Given material.
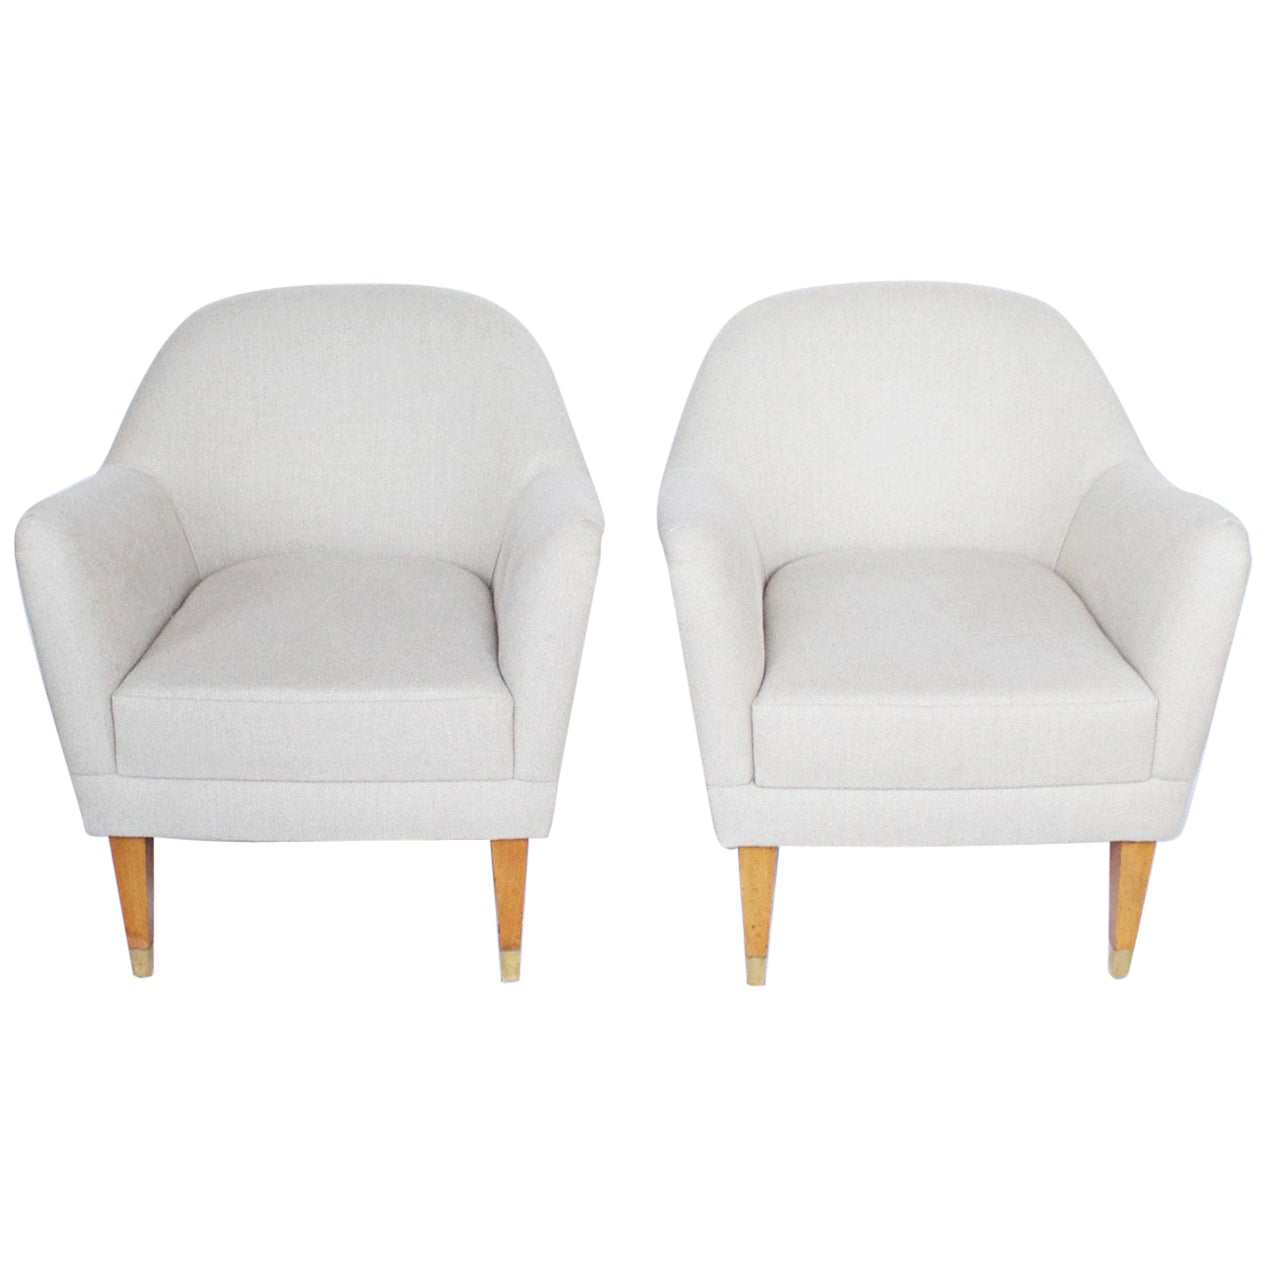 Pair of Midcentury Italian Bedroom Chairs Re-Upholstered in Linen
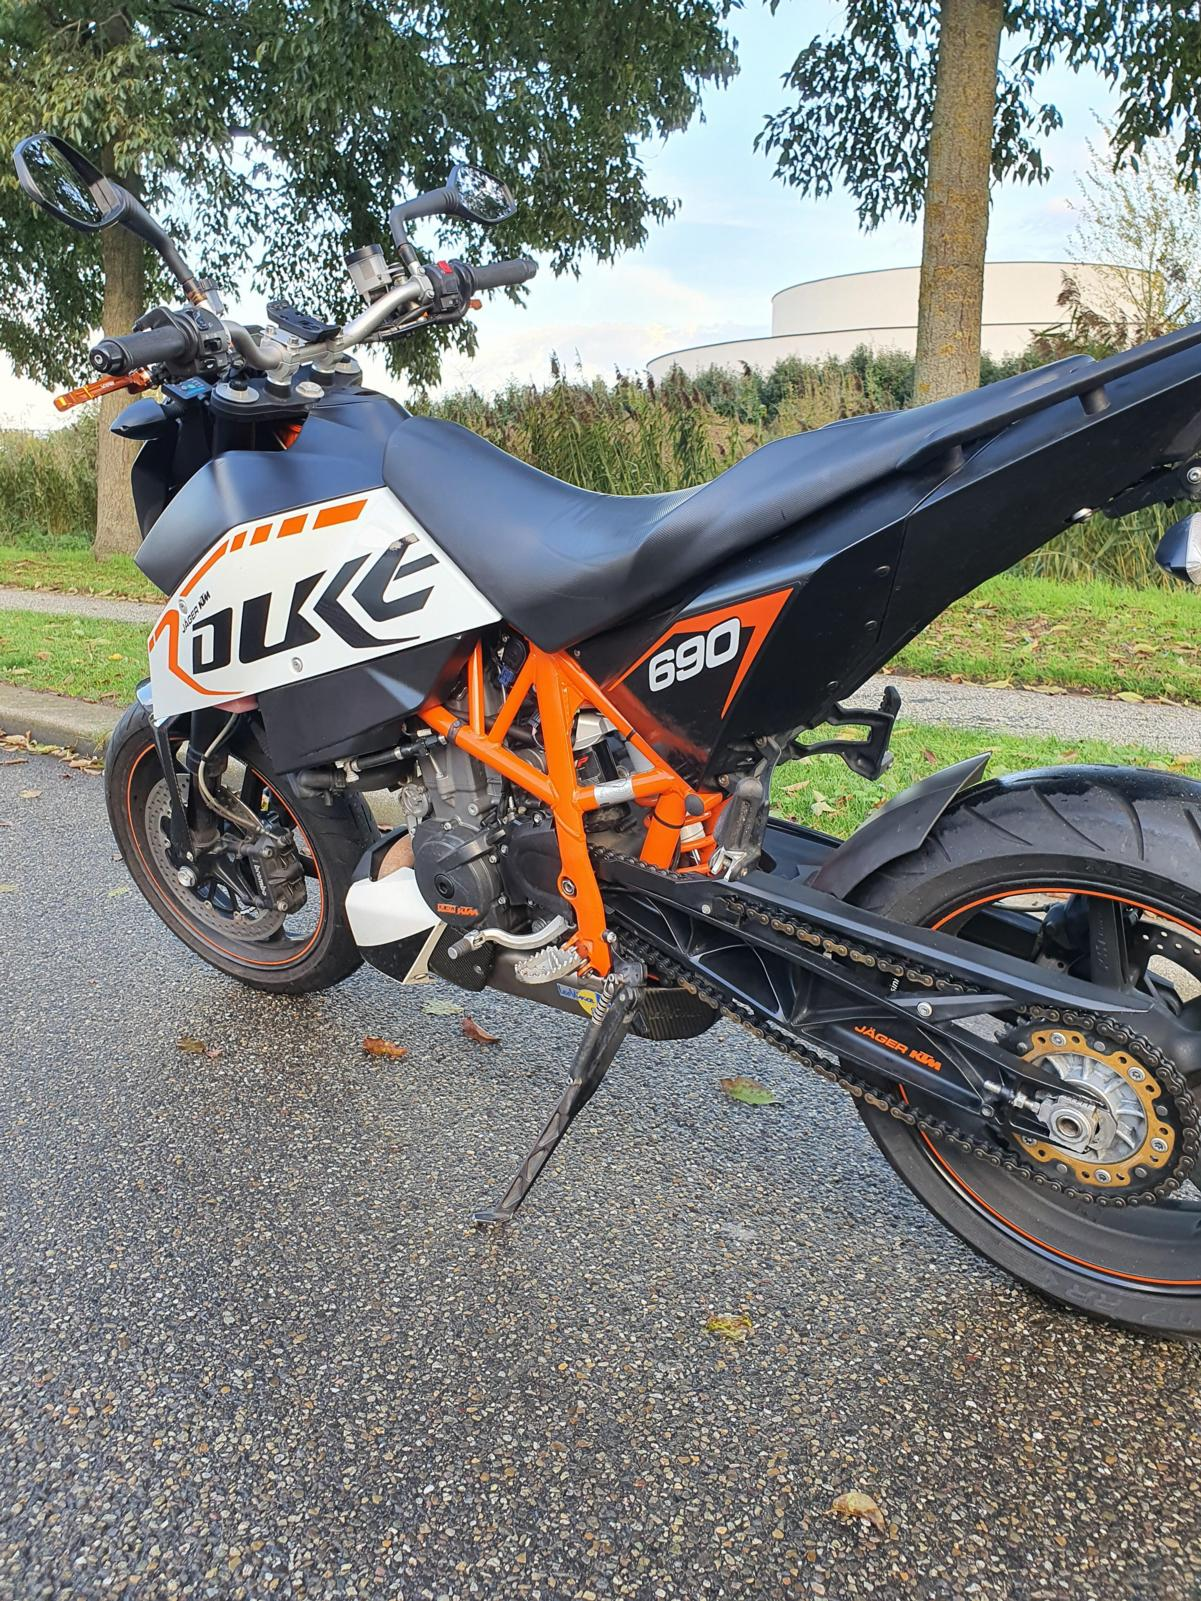 KTM - 690 DUKE R ABS
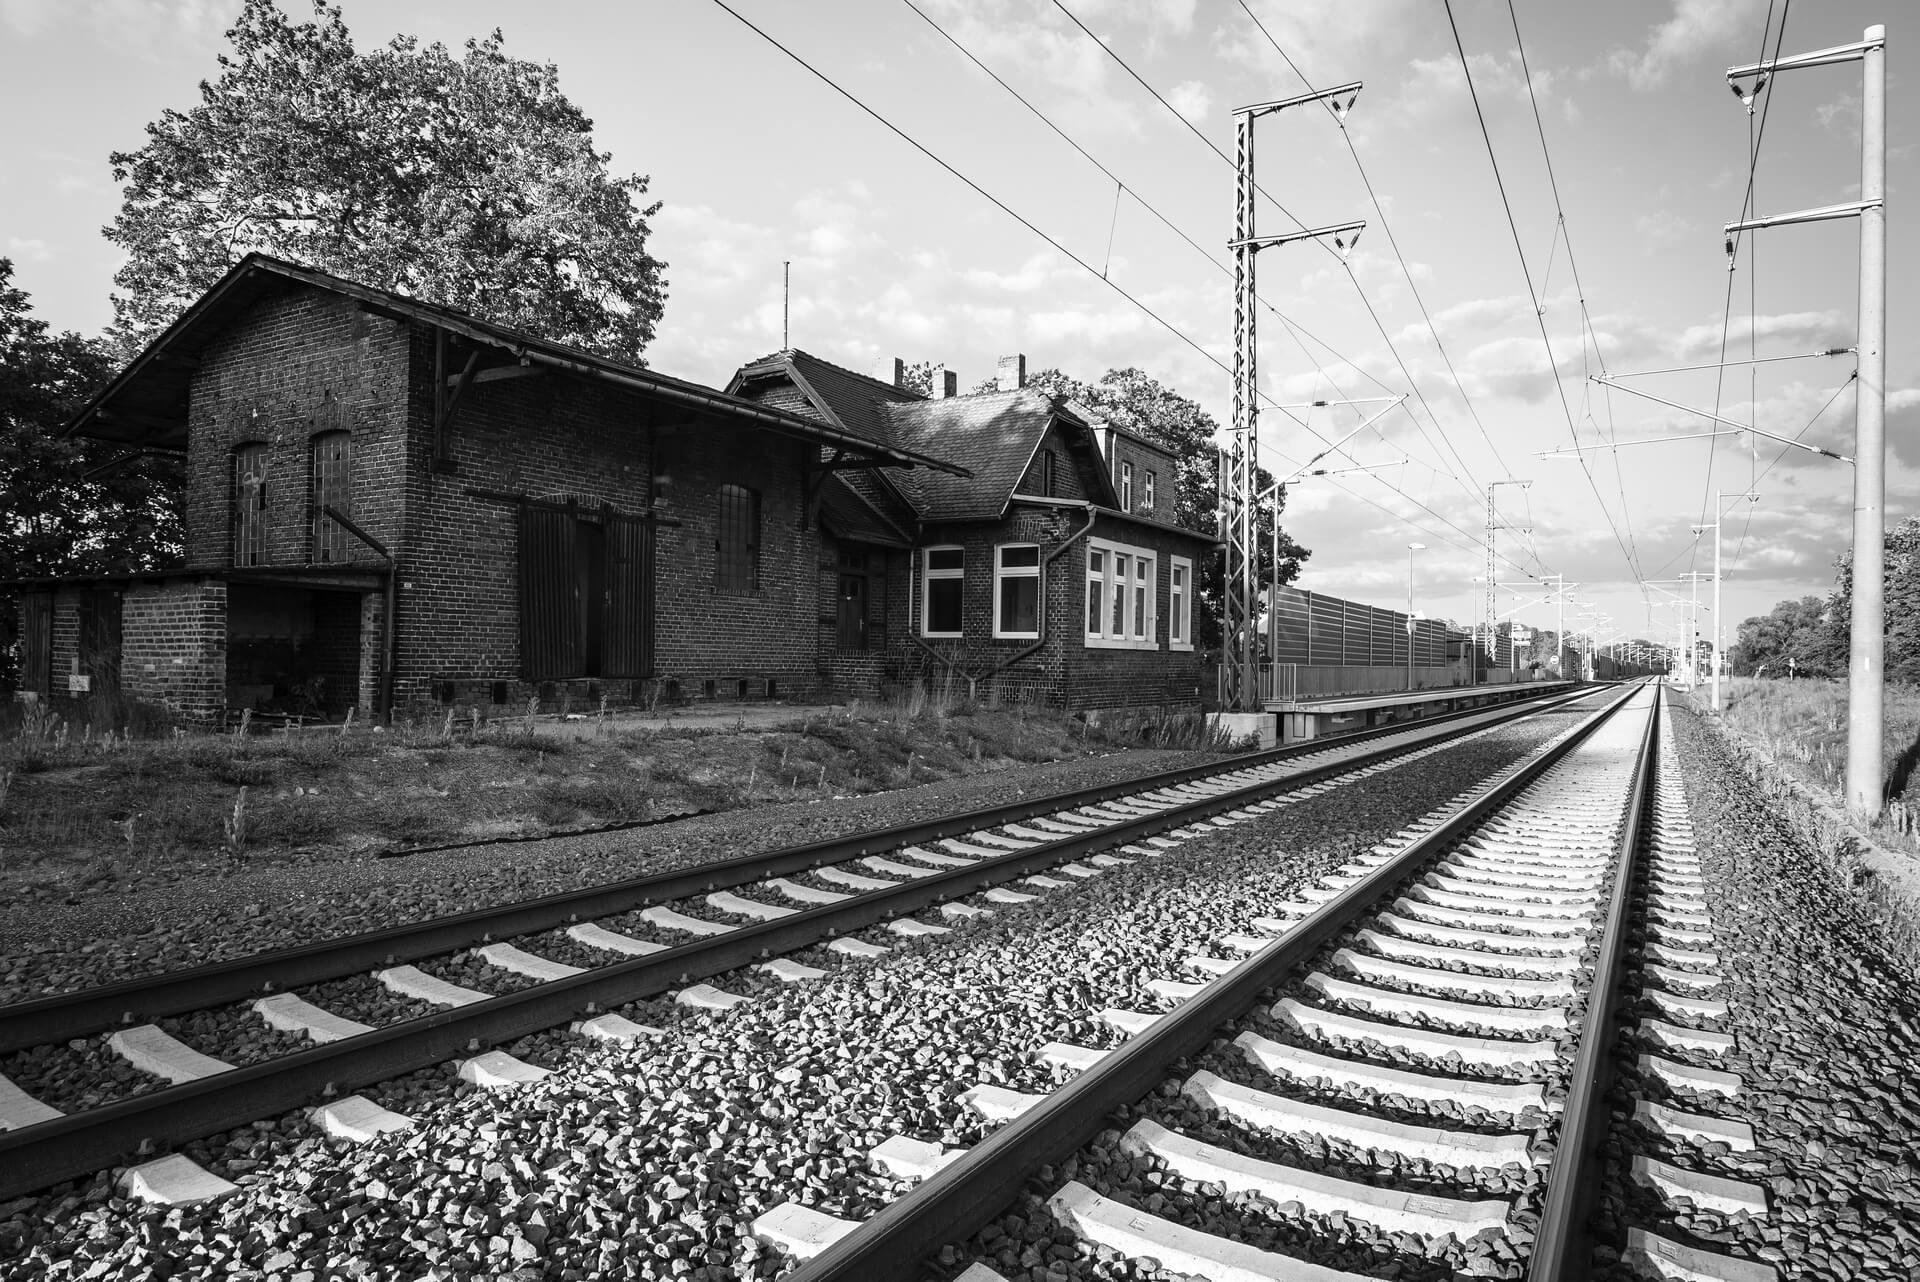 Klitten, Bahnhof

Your objective.
Nothing but an exact transcription of the material, without pictures, should be returned.

Written response.
 Pair of Midcentury Italian Bedroom Chairs Re-Upholstered in Linen
 KTM - 690 DUKE R ABS
 Klitten, Bahnhof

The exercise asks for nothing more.